Let me flip this question on it's head.

Has the majority of the lighting industry turned away from follow-spots which use arc source lamps (like Super Troupers, or Starklights)?  Anyone have a guess as to the CRI of a Carbon Arc?

The CRI of Xenon and other arc source lamps is typically in the 70's.  They have a very spikey spectrum.

I know that there are more than a few people who use modified Source 4s as Follow-spots. But to be honest, the majority of us do this for financial reasons... but the majority of professional roadhouses, and opera houses that I've seen use purpose built follow-spots.  And the majority of these use an arc source, with limited color rendering abilities.  They have limitations, but the benefits (brightness, ease of use, etc) outweigh them, for the majority of us.

Is RGB technology perfect... No.
But I invite you to look at emerging technologies in television.  LED TVs are now using RGBY technology, and using an algorithm to add in the Yellow.  We are doing the same thing in the entertainment lighting industry with the use of Amber (to increase color palette) and Lime (to more closely match the photopic curve, and increase brightness and color rendering) using LEDs.  Most major entertainment lighting manufacturers use LED arrays with 5, 6, or even 7 colors.

Anyway, the point I'm making is that although limited spectra been widely used, and accepted for decades, the consumer electronic market is already addressing this (albeit for different reasons, more to do with vividness of color), and the more picky of us in entertainment lighting are also pushing for solutions.  Often, we are looking at other lighting fields (general lighting, automotive, camera flashes, retail lighting, cameras, video displays, and especially computers/computing power and software) to inspire us.  Then we combine these existing technologies that we see to give us practical new solutions.

Interestingly, Philips/Lumileds (now just Lumileds) developed the Lime LED for use in LED lightbulbs... for use in the home, and for retail lighting, not on-stage.  As much as we (entertainment lighting manufacturers) view ourselves as innovators, the real advances come with finding ways to leverage new and existing technologies developed for larger markets to provide solutions to our (relatively small) market.

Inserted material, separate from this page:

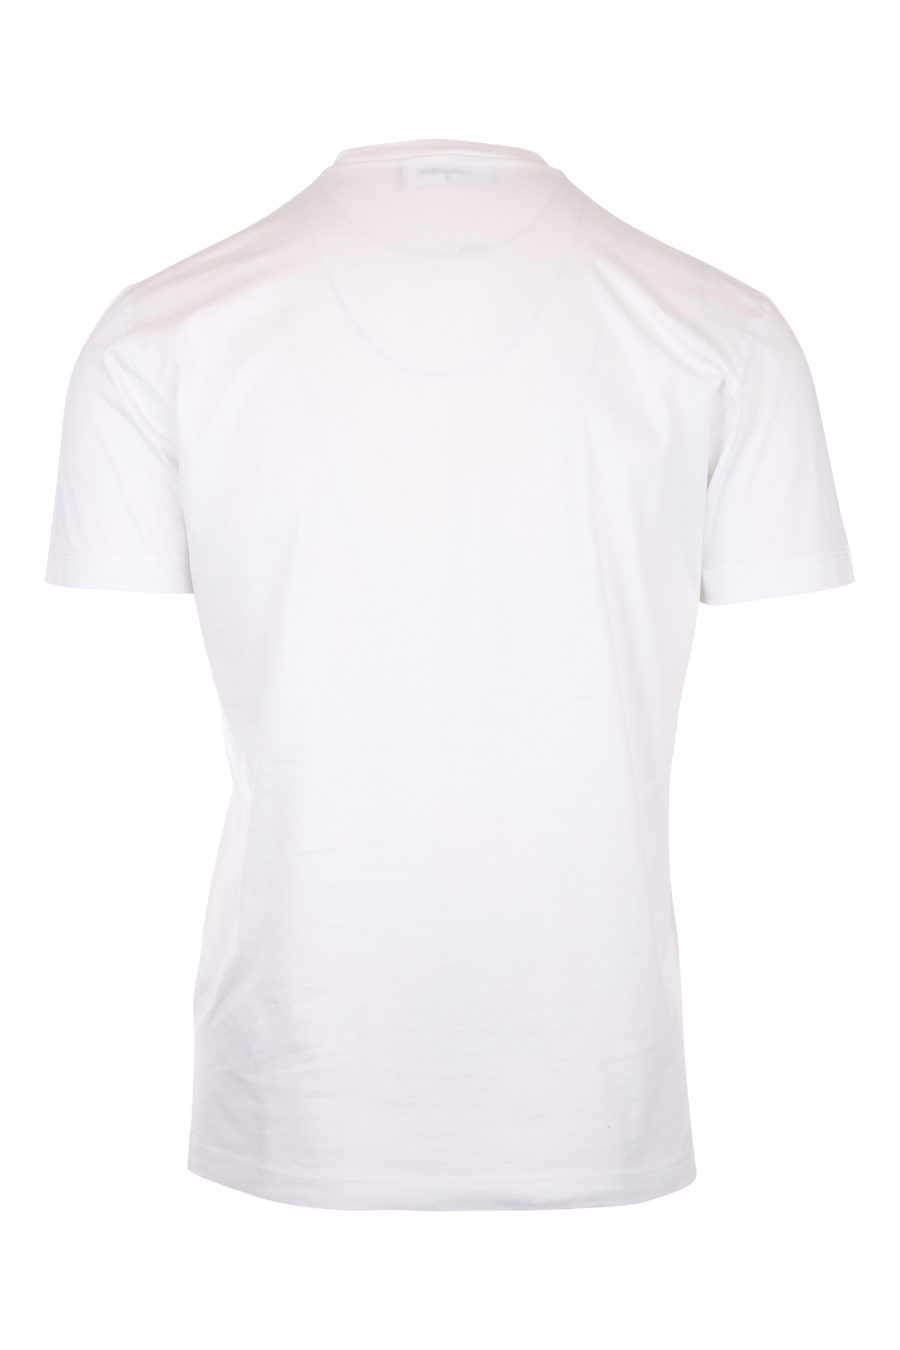 Camiseta blanca con estampado de perro "icon" - IMG 9782

I think that you'll find that the majority of people railing against adoption of new light sources like LED, and the use of projectors (and the number of detractors is decreasing) are people who do not yet understand them,  have not tried using them recently, and are not comfortable with learning a new technology.  

It's a daunting task (learning a new technology), and not always black and white.  How many of us still draft by hand?  How many were early adopters of CAD, and dove in in the 1990s?  The answer for most of us lies somewhere in the middle.